Sunday, January 29, 2012

Further away...

I seem to be lost in a section of my own mind.
Time goes through crazy periods of flying by and dragging on.
My 40 hour work weeks with 12 credit hours worth of homework- combined with 3-midnight shifts- have me feeling like I am losing the "grip" I had on my life.
I don't feel as needed or at the top of my game at work like I did before this position change.
I discovered that I had been placing my identity in my job and work life and not in my Savior- ouch.
I missed the first few Bible studies (one of the best parts of last semester) because of this crazy job- yet I complain about not getting enough hours or go in on my days off.
I have not been feeling satisfied with any aspect of my life: spiritual side has taken a step back (need to read and pray more), work has gone out of control, friendships have become dusty, and family has become more strained than it should.
When will this end?!?!?!?!!?!?!?!




Oh. As soon as I surrender. Hmph- that is a lot harder than it used to be. I think I have become pleased with the feeling of self accomplishment and fufillment, and have chosen to forget the ultimate satisfaction Christ alone can give.
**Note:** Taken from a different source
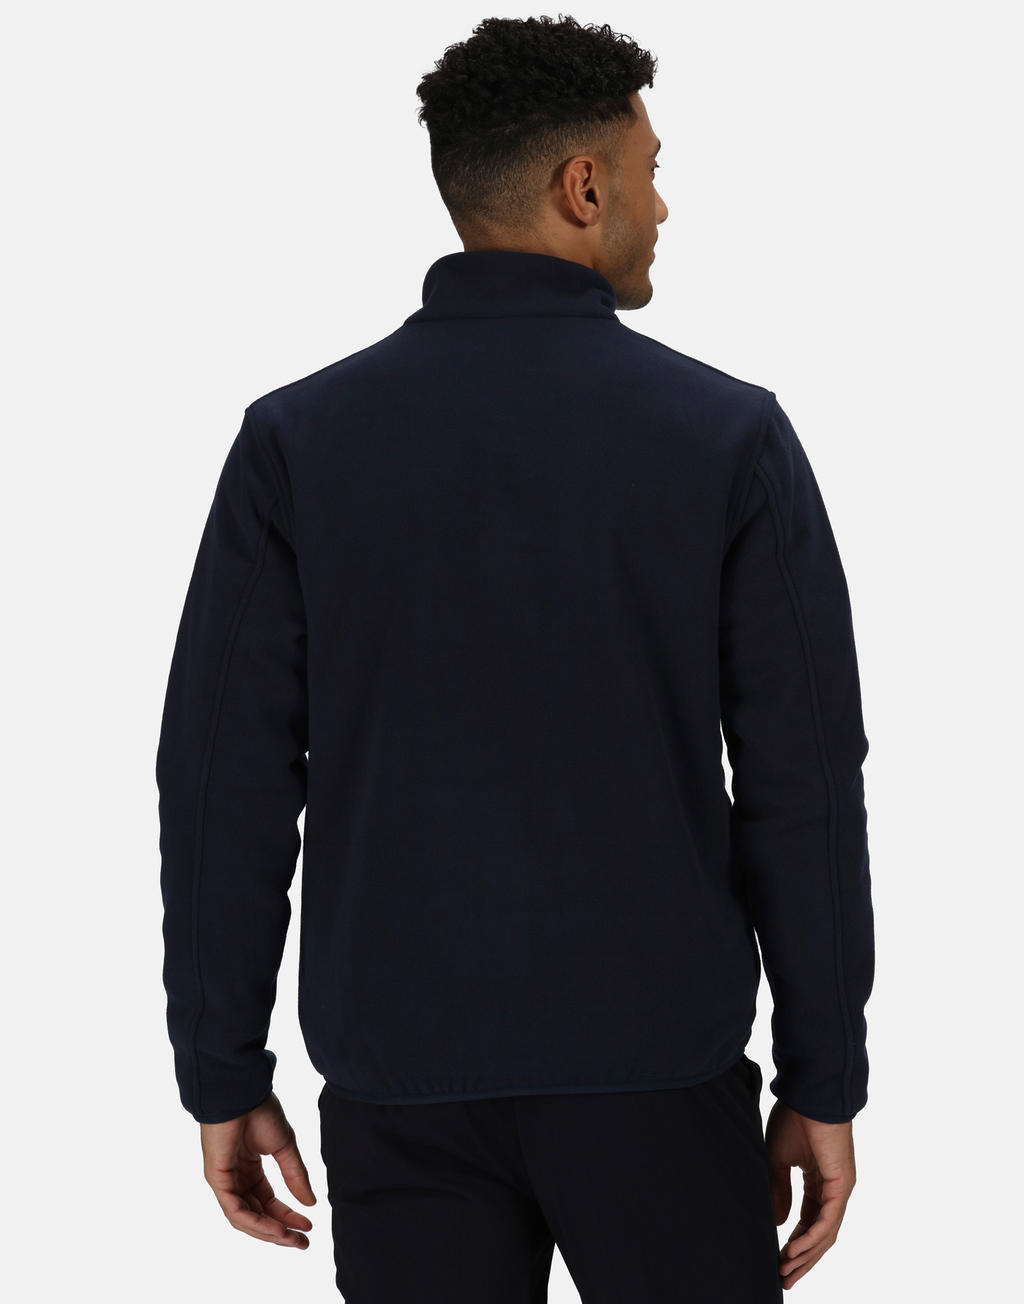  Omicron III Fleece Jacket in Farbe Black

I have come to the point where my accomplishments have fallen flat and my "fufillment" has left me empty. But I still can't seem to get back to where I was, let alone move forward.
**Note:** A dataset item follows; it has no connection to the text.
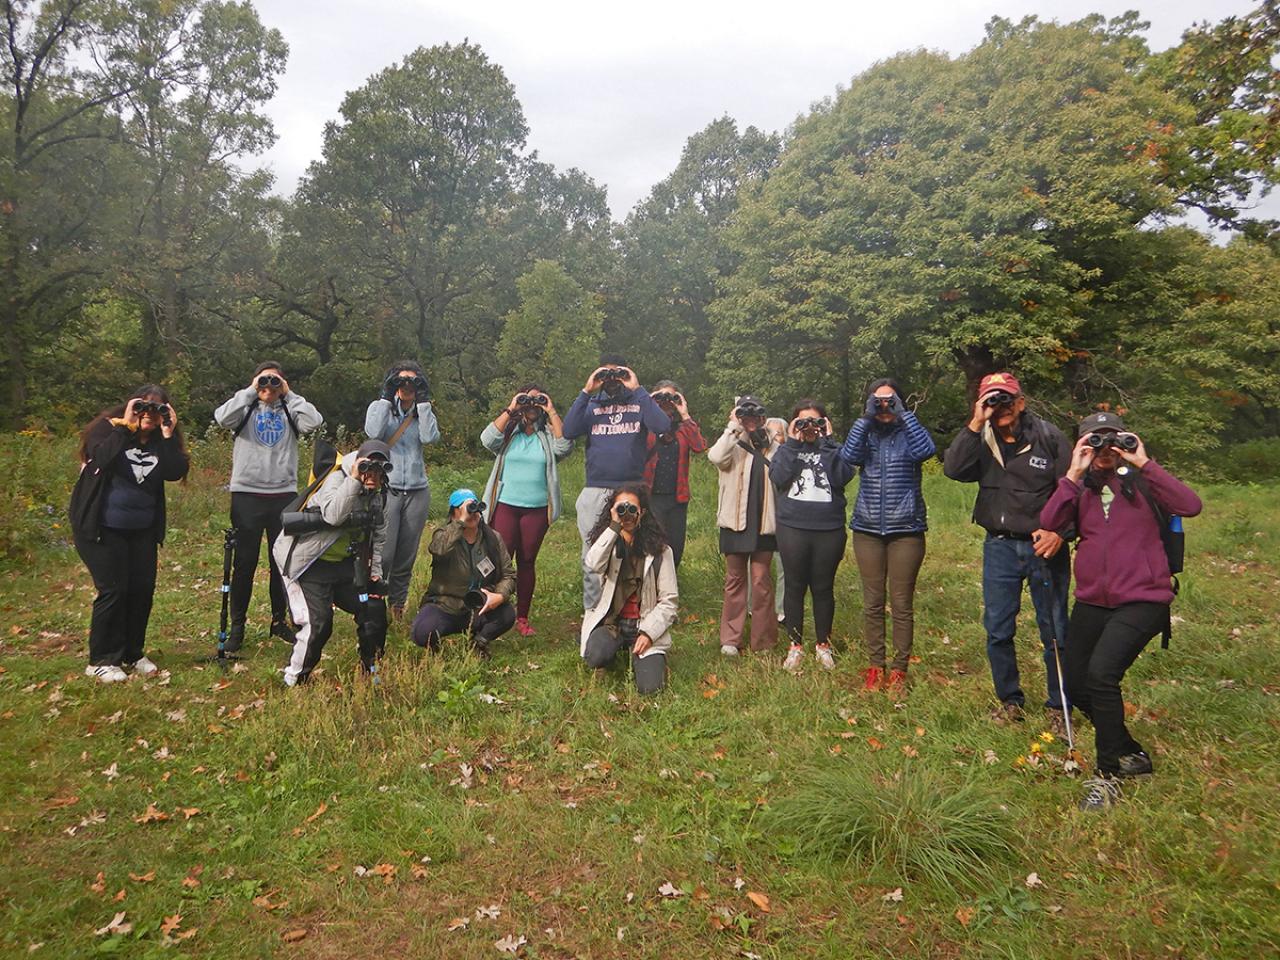 A BIPOC birding group poses, looking through binoculars

If you are reading this and you know me, I'd appreciate the prayer. I may not confess this by word of mouth, but I need help desperately. But only God can do that helping, and only I can accept it. I don't need a lecture, a how-to, or a stern command from man: I need to work this out between myself and my Savior. However, I do ask for prayer.
Thank you. And thank You Savior for not giving up on me yet or ever. I am seeking my way back to You- thank You for Your love and patience.